NRT products such as the gum, patch and lozenge are among the first-line treatments recommended for all smokers and when used as directed, can double a smoker's chances of quitting versus cold turkey.(7) In fact, new research published by Thorax confirms NRT helps "real-world" smokers quit by doubling the odds of successfully quitting long-term and supports the findings of more than 100 randomized clinical trials.(10) NRT is extensively proven to significantly reduce cravings and other withdrawal symptoms during quitting, allowing smokers to focus on behavior change.(11) Data from more than 100 clinical trials involving more than 35,000 smokers have established a consistent safety and efficacy profile for NRT products over decades of study and use.(12)
About the survey
A survey of 900 men and women adult smokers in the U.S. was fielded in July 2007 by Richard Day Research through an online panel, screening for adults age 18 and over who smoke cigarettes every day. The data was weighted to adjust for age, ethnicity and gender using estimates from the 2006 National Health Interview Survey. The "average" respondent in the survey was 48 years of age and started smoking when they were 16 years old, smokes 20 cigarettes per day and has tried to quit three times in the past (only 16 percent of respondents have never tried to quit). The survey was conducted on behalf of The American Legacy Foundation and GlaxoSmithKline Consumer Healthcare.
(1) Survey of 900 adult smokers in the U.S. conducted by American Legacy Foundation and GlaxoSmithKline Consumer Healthcare in August 2007
(2) Molyneux. BMJ "Safety of NRT." February 2004.
(3) Benowitz NL. (1993). Nicotine replacement therapy: What has been accomplished - can we do better? Drugs, 45, 157-170.
(4) Henningfield et al., 2000. Tobacco Dependence: Scientific and Public Health Basis of Treatment. TEN, 2(1),42-46.
(5) GfK Market Measures.
(6) Kimmel SE; Berlin JA; Miles C; Jaskowiak J; Carson JL; Strom BL. Risk of acute first myocardial infarction and use of nicotine patches in a general population. J Am Coll Cardiol. 2001 Apr;37(5):1297-302.

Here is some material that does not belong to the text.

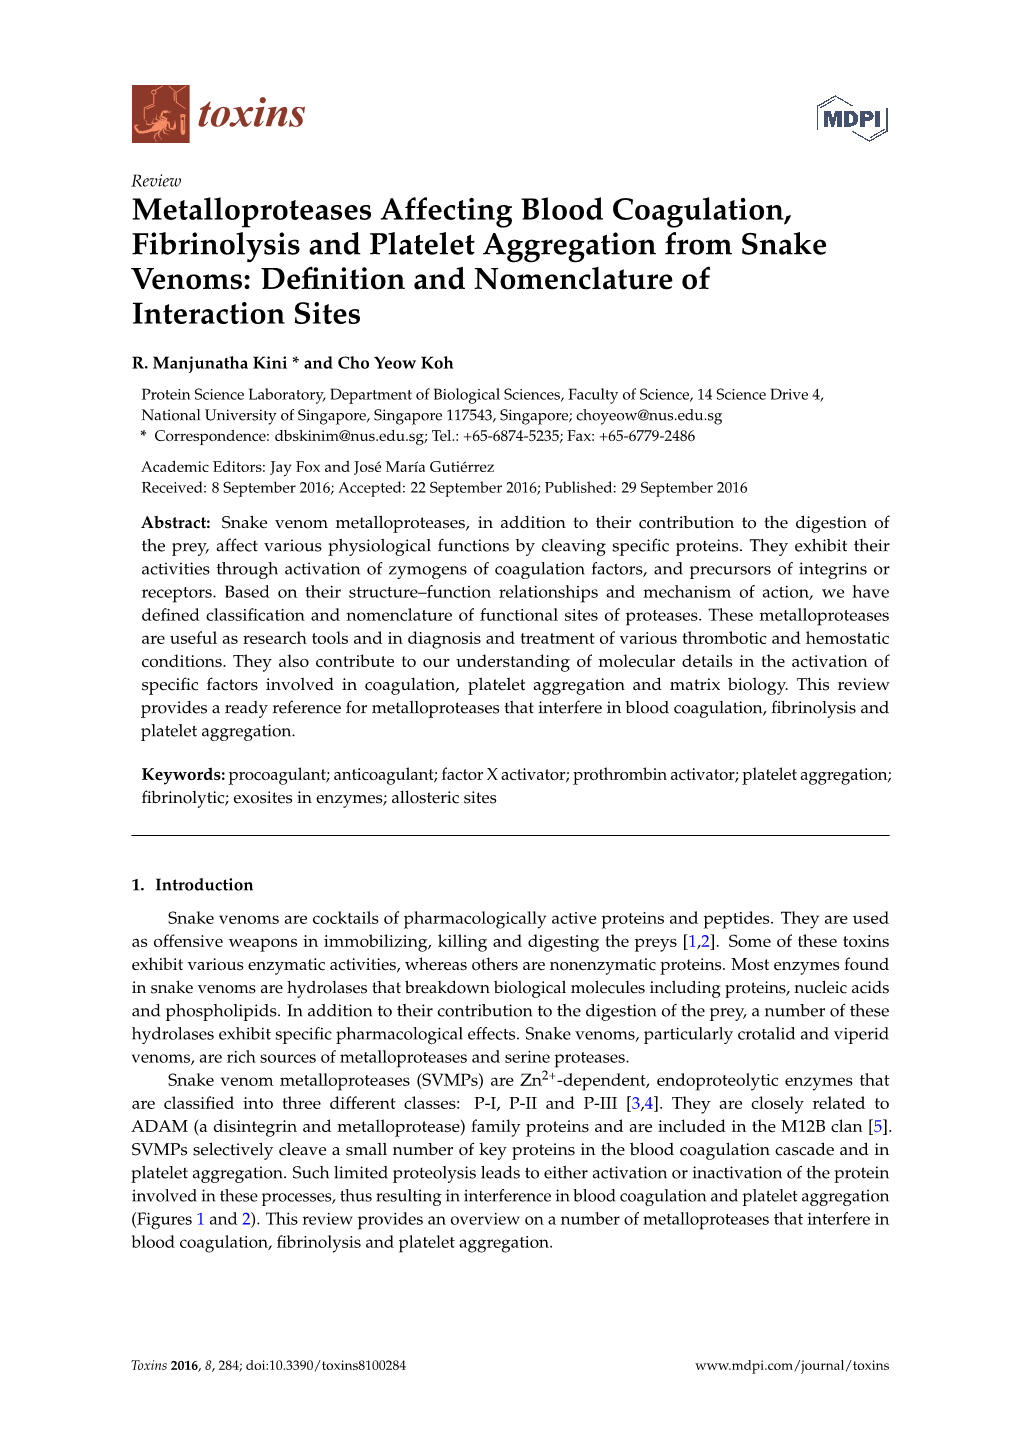 Metalloproteases Affecting Blood Coagulation, Fibrinolysis and Platelet Aggregation from Snake Venoms: Deﬁnition and Nomenclature of Interaction Sites

(7) Fiore MC, Bailey WC, Cohen SJ, et al. Treating Tobacco Use and Dependence. Clinical Practice Guideline. Rockville, MD:
(8) Hughes et al., 1992. Smoking Cessation Among Self-Quitters. Health Psychology, 11(5), 331-334
(9) Hughes JR, Keely J, Naud S. Shape of the relapse curve and long-term abstinence among untreated smokers. 2004 Addiction, 99, 29-38.
(10) Is nicotine replacement therapy for smoking cessation effective in the "real world" Thorax online August 2007. Robert West Professor of Health Psychology Pg. 1-7
(11) FDA labeling for gum/lozenge/patch. 2005. Labels on boxes of Nicorette, Commit and Nicoderm CQ.
(12) Silagy et al. Nicotine replacement therapy for smoking cessation (Cochrane Review). In: The Cochrane Library, Issue 1, 2004. Chichester, UK: John Wiley & Sons, Ltd.